The problem:
Leaving the pictures aside, transcribe every line below exactly.

##### Data below #####

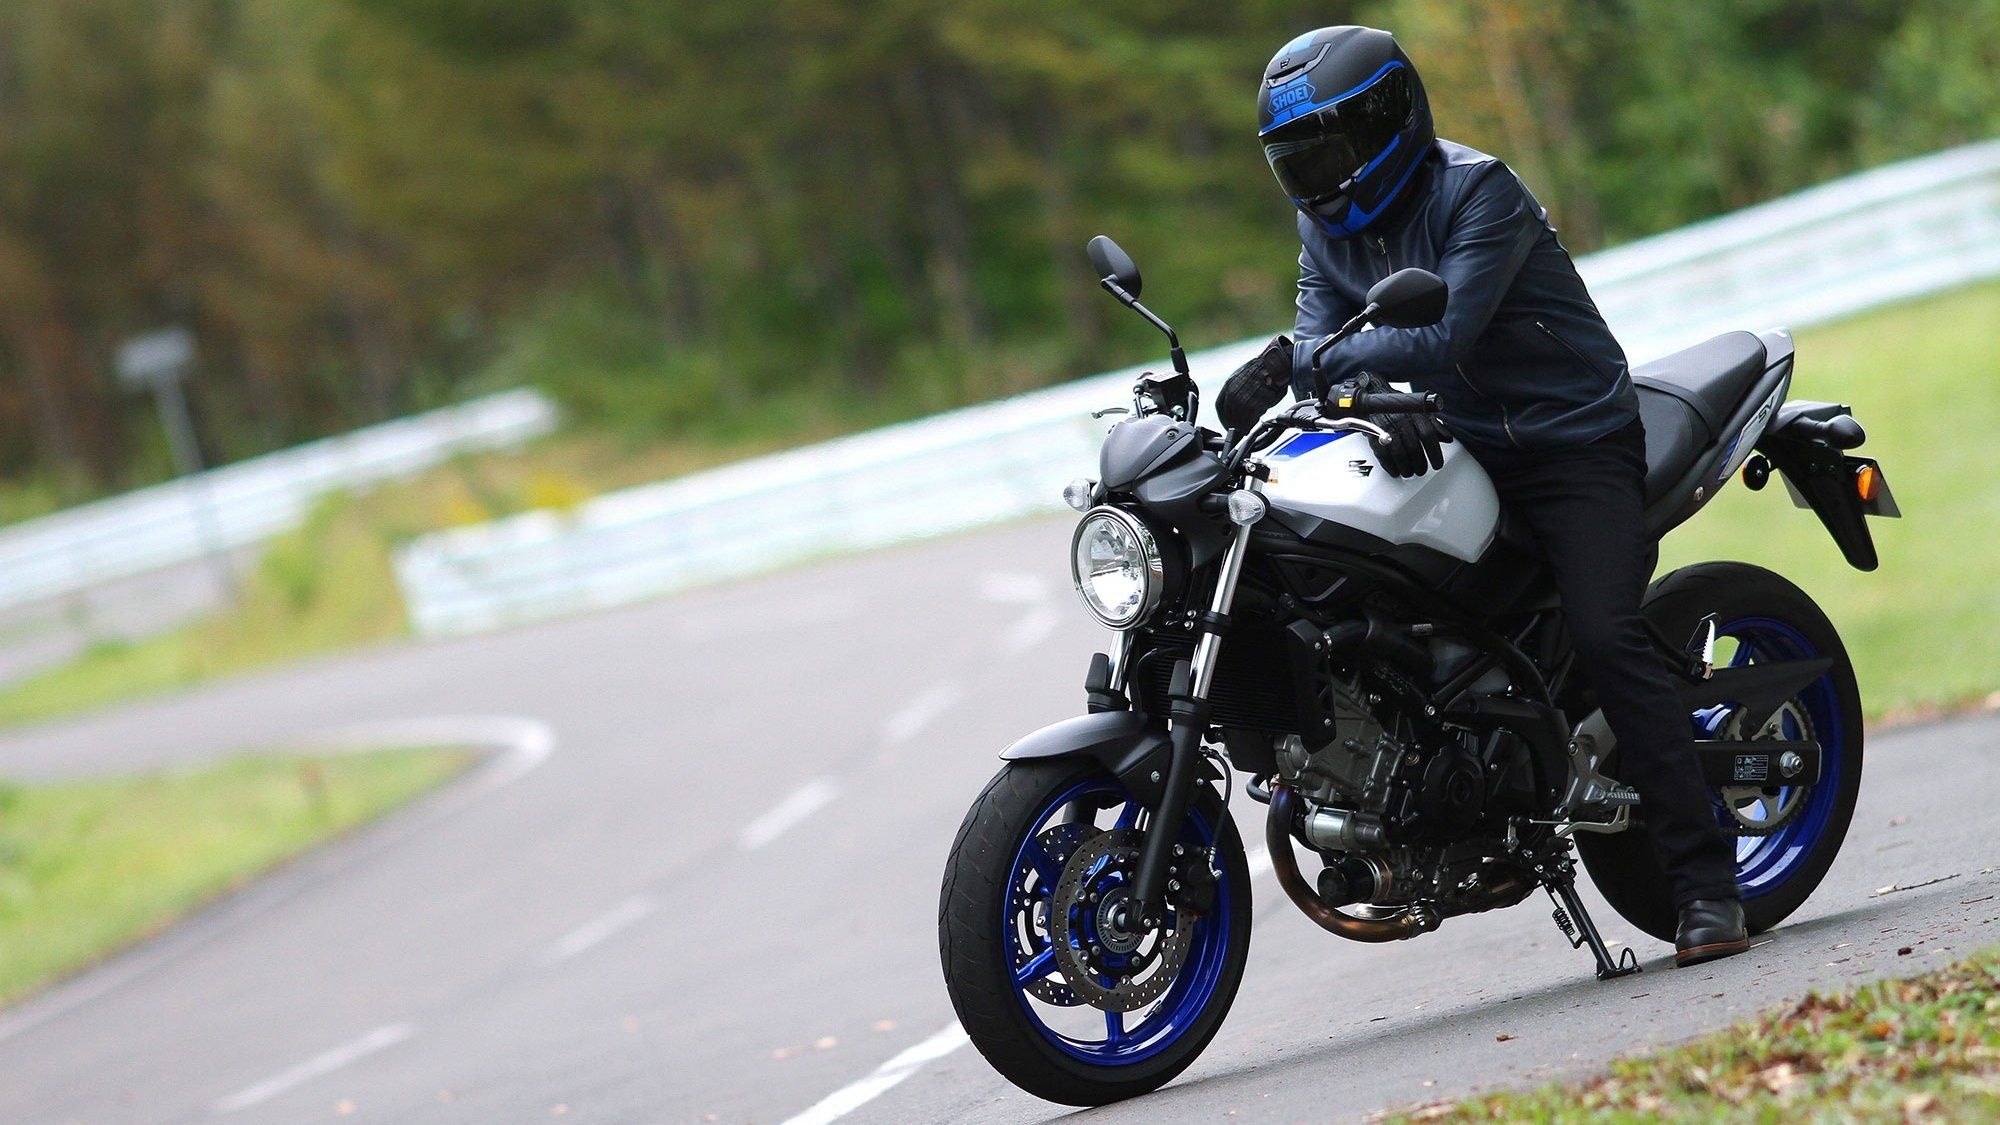 Suzuki SV650, 2017-2022 models, Top speed thrill, Motorcycle, 2000x1130 HD Desktop
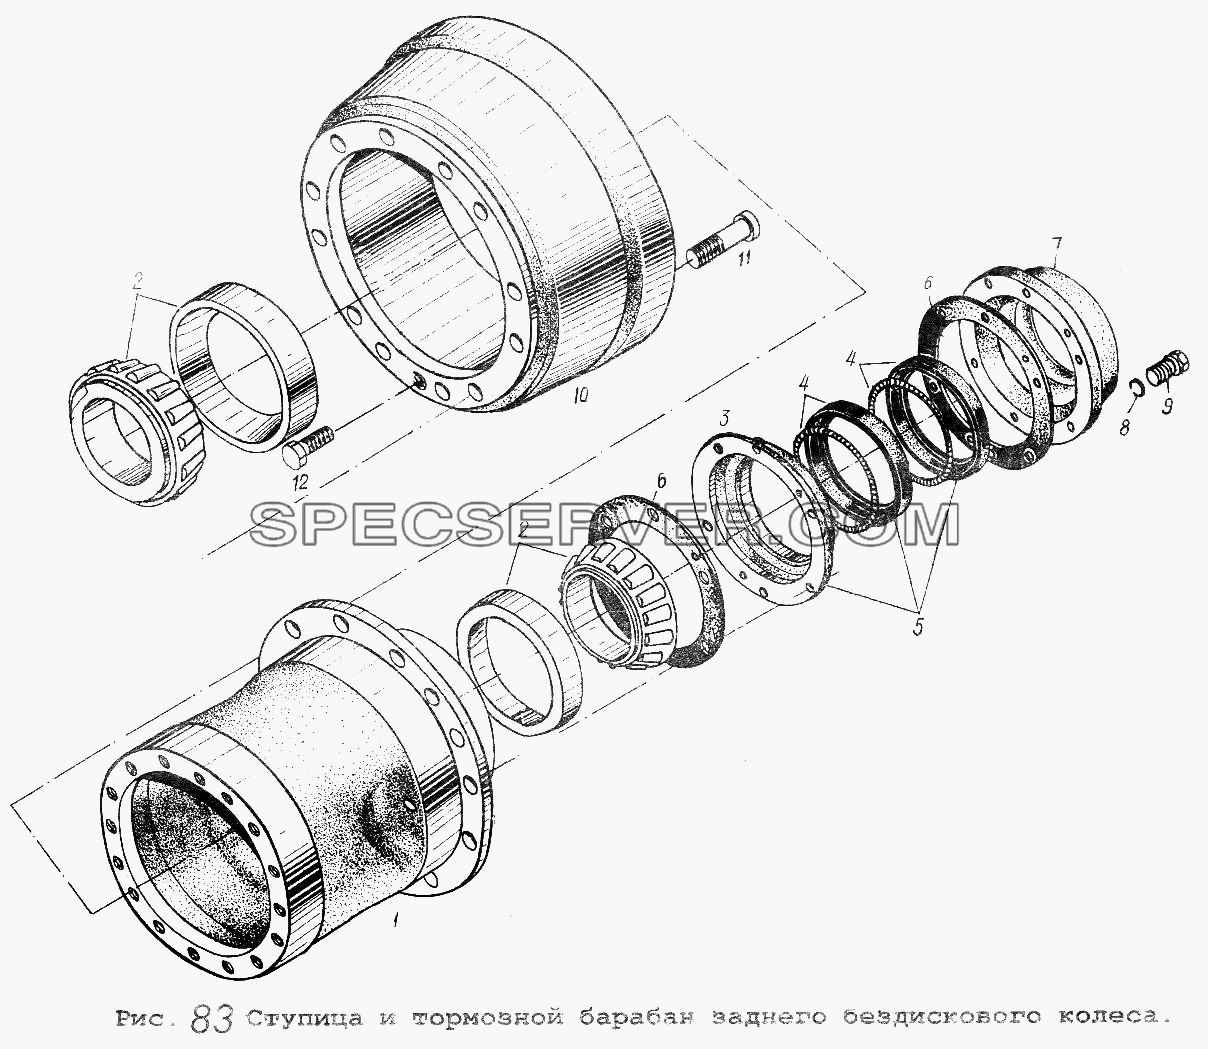 Ступица и тормозной барабан заднего бездискового колеса для МАЗ-5516 (список запасных частей)
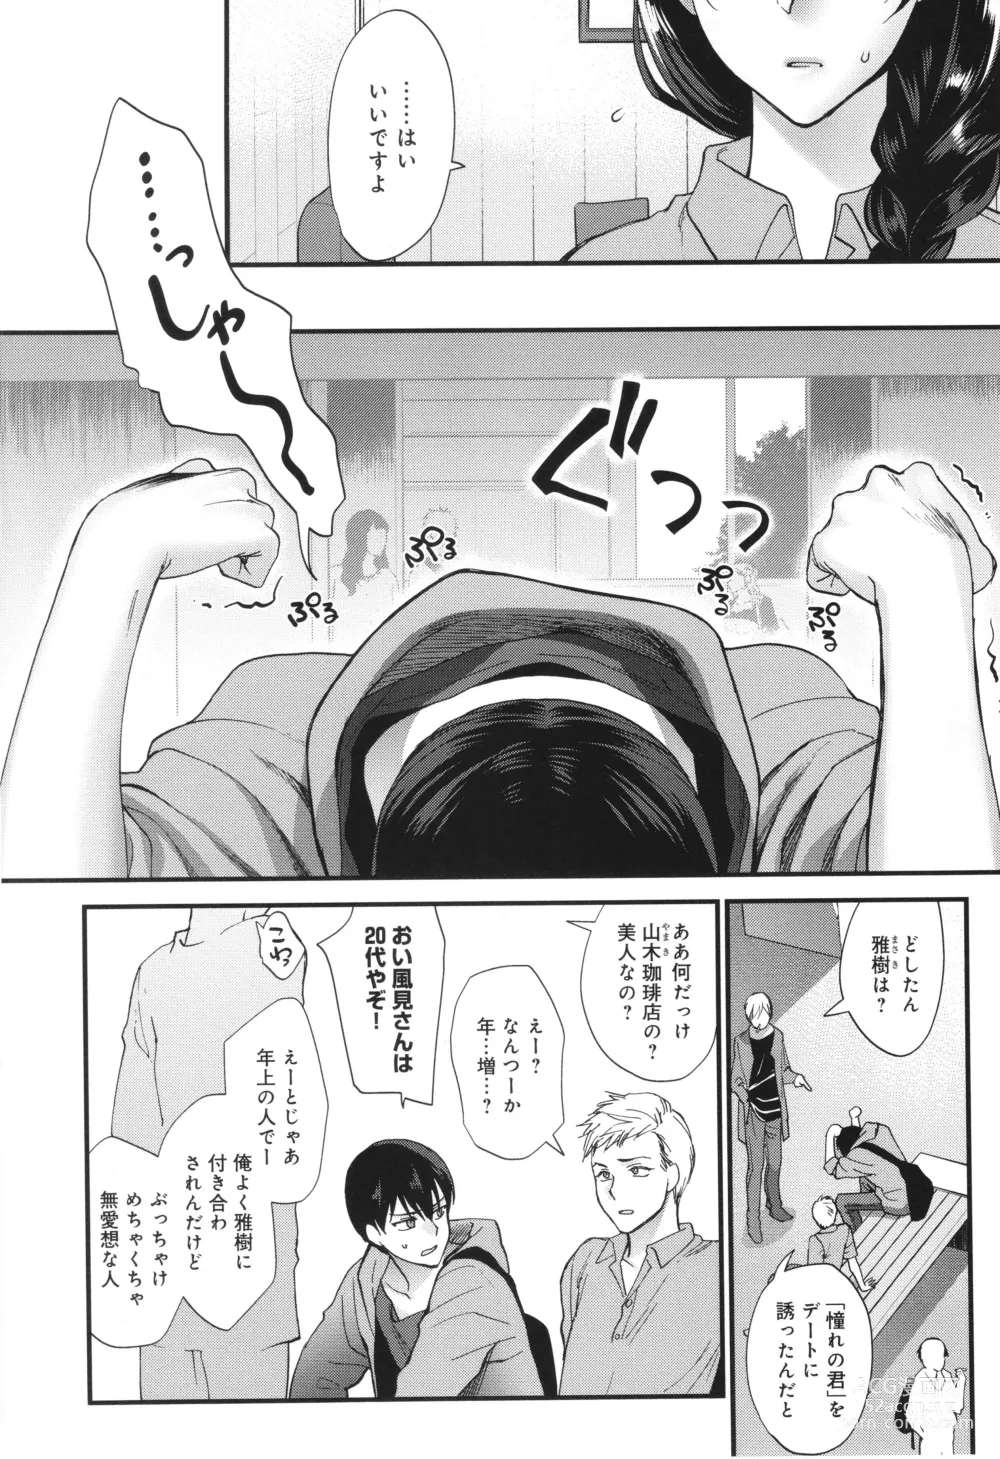 Page 7 of manga Mou Sukoshi Dake, Kono mama de

#####

Output for this task:
 Suzuki SV650, 2017-2022 models, Top speed thrill, Motorcycle, 2000x1130 HD Desktop
 Ступица и тормозной барабан заднего бездискового колеса для МАЗ-5516 (список запасных частей)
 Page 7 of manga Mou Sukoshi Dake, Kono mama de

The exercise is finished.